Do Sonograms Cause Autism? A New Study

A new paper (“Are Prenatal Ultrasound Scans Associated with the Autism Phenotype? Follow-up of a Randomised Controlled Trial” by Yonit K. Stoch, Cori J. Williams, Joanna Granich, Anna M. Hunt, Lou I. Landau, John P. Newnham and Andrew J. O. Whitehouse) takes another look at the results of a randomized trial started in 1989. Half the mothers were given one ultrasound during their pregnancy, the rest got five. This study gave a questionnaire sensitive to autism-like traits to the now-grown-up children. This is potentially more sensitive than binary (yes/no) assessment because the questionnaire has about 50 questions.

Here is the entire abstract:

An existing randomised controlled trial was used to investigate whether multiple ultrasound scans may be associated with the autism phenotype. From 2,834 single pregnancies, 1,415 were selected at random to receive ultrasound imaging and continuous wave Doppler flow studies at five points throughout pregnancy (Intensive) and 1,419 to receive a single imaging scan at 18 weeks (Regular), with further scans only as indicated on clinical grounds.
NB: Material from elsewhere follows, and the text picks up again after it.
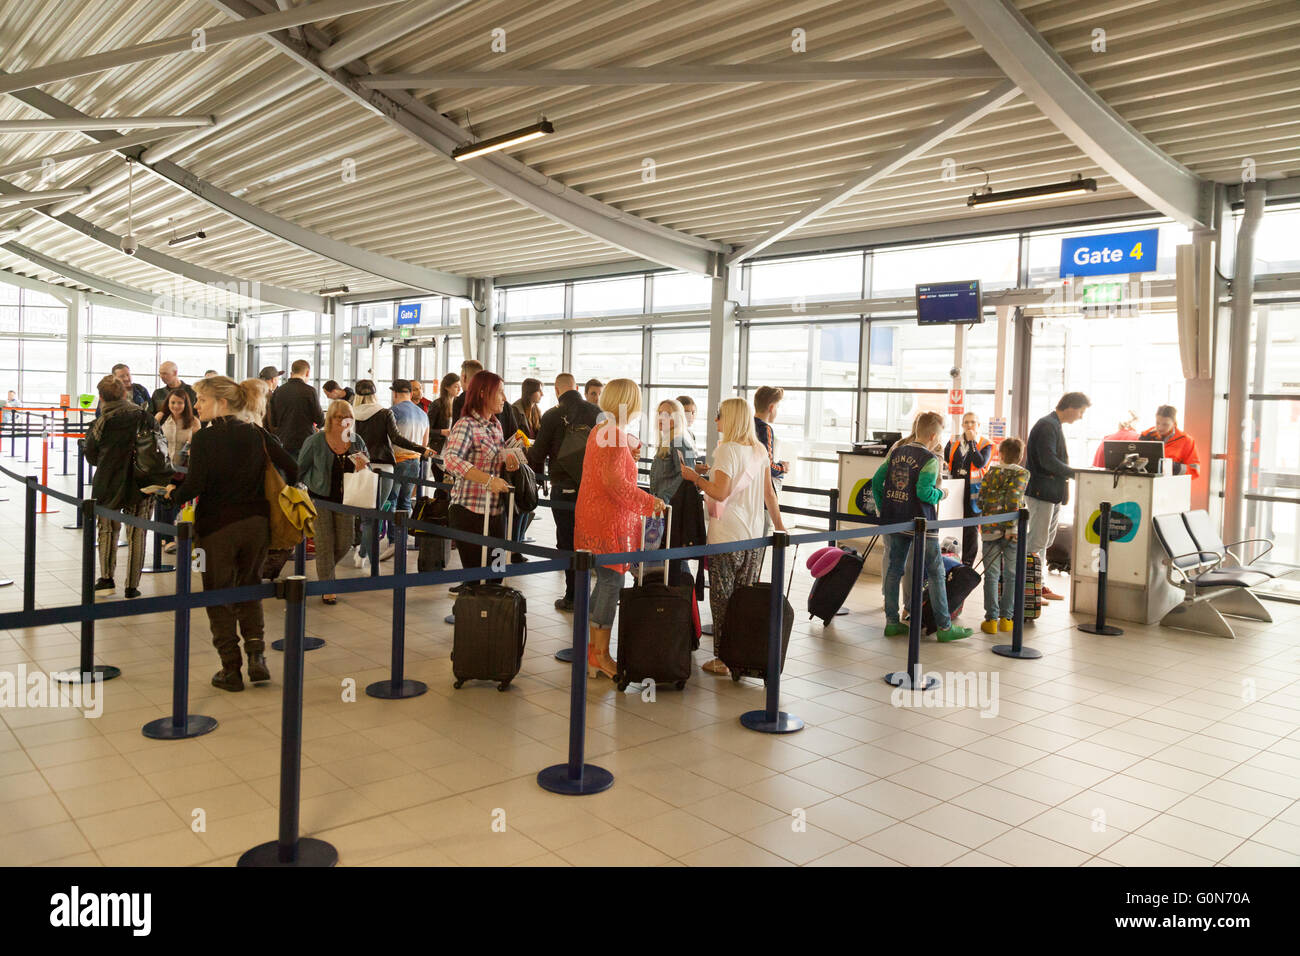 Los pasajeros aéreos, gente esperando en la puerta de entrada, salidas, Londres aeropuerto de Southend, Southend, Essex UK Foto de stock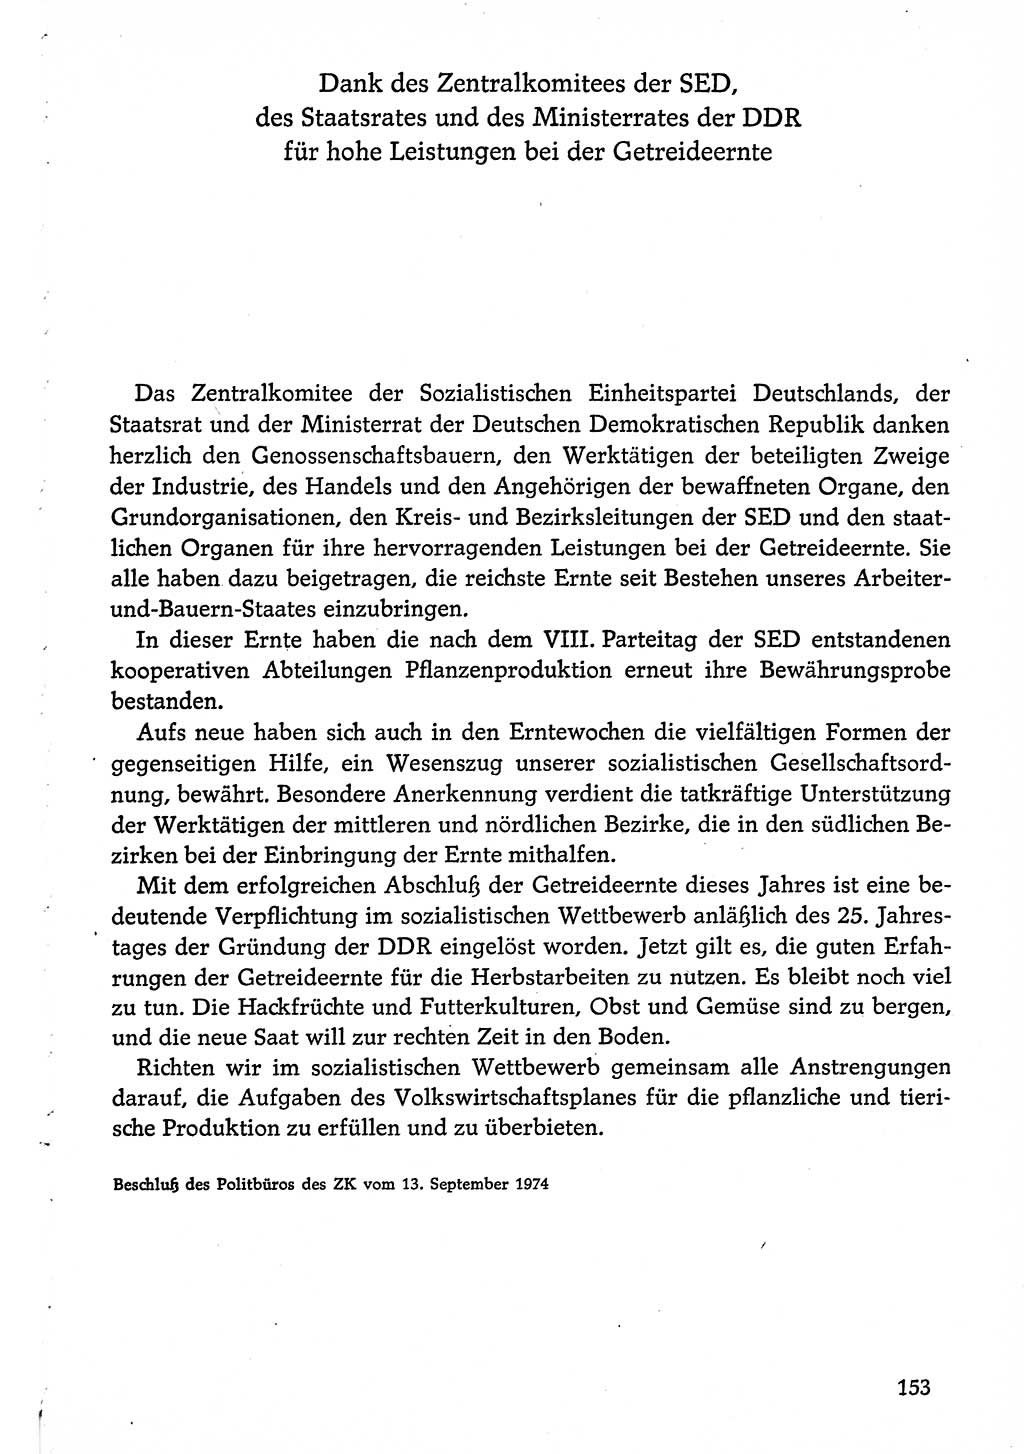 Dokumente der Sozialistischen Einheitspartei Deutschlands (SED) [Deutsche Demokratische Republik (DDR)] 1974-1975, Seite 153 (Dok. SED DDR 1978, Bd. ⅩⅤ, S. 153)

There was no significant difference in the rate of Autism Spectrum Disorder between the Regular (9/1,125, 0.8 %) and Intensive (7/1,167, 0.6 %) groups, nor a difference between groups in the level of autistic-like traits in early adulthood. There is no clear link between the frequency and timing of prenatal ultrasound scans and the autism phenotype.

Parrish Hirasaki pointed out to me that when the study was done the intensity of ultrasounds was eight-fold less than now. Here’s what the paper says about this:

Technological advancements over the past two decades have led to considerable improvements in ultrasonographic capabilities, with corresponding increases in acoustic output.

Did you read that and realize the intensities have increased by a factor of eight? Neither did I. Such a big difference in intensity means the results are not serious evidence — contrary to what the abstract implies — against the idea that sonograms are now causing autism.

More Asked about the failure to make clear the difference in intensity, the corresponding author, Andrew Whitehouse, replied:

The parameters of the ultrasound scans were reported clearly in the Methods section, and we refer to several other articles that include a description of the USS administered in this cohort. We are also very clear in the Discussion when we state that “the current study was not designed to investigate the use of [modern] instruments”.

I disagree. So what if the parameters of the ultrasound scans were reported clearly in the Methods section? That’s not the issue. The issue is failure to make clear the huge intensity difference between the ultrasounds they studied and modern ultrasounds. Saying that “the current study was not designed to investigate the use of [modern] instruments” does not make clear at all (much less “very clear”) how much modern ultrasounds differ from the ultrasounds actually studied. Any study can put caveats like that at the end. Yet few studies are as irrelevant as this one to the question they claim (in the title, abstract and introduction) to help answer.

7 Replies to “Do Sonograms Cause Autism? A New Study”

  1. Seth, the manner in which “Dr.” Whitehouse responded to your inquiry seems very suspicious to me, suggesting a dishonest answer.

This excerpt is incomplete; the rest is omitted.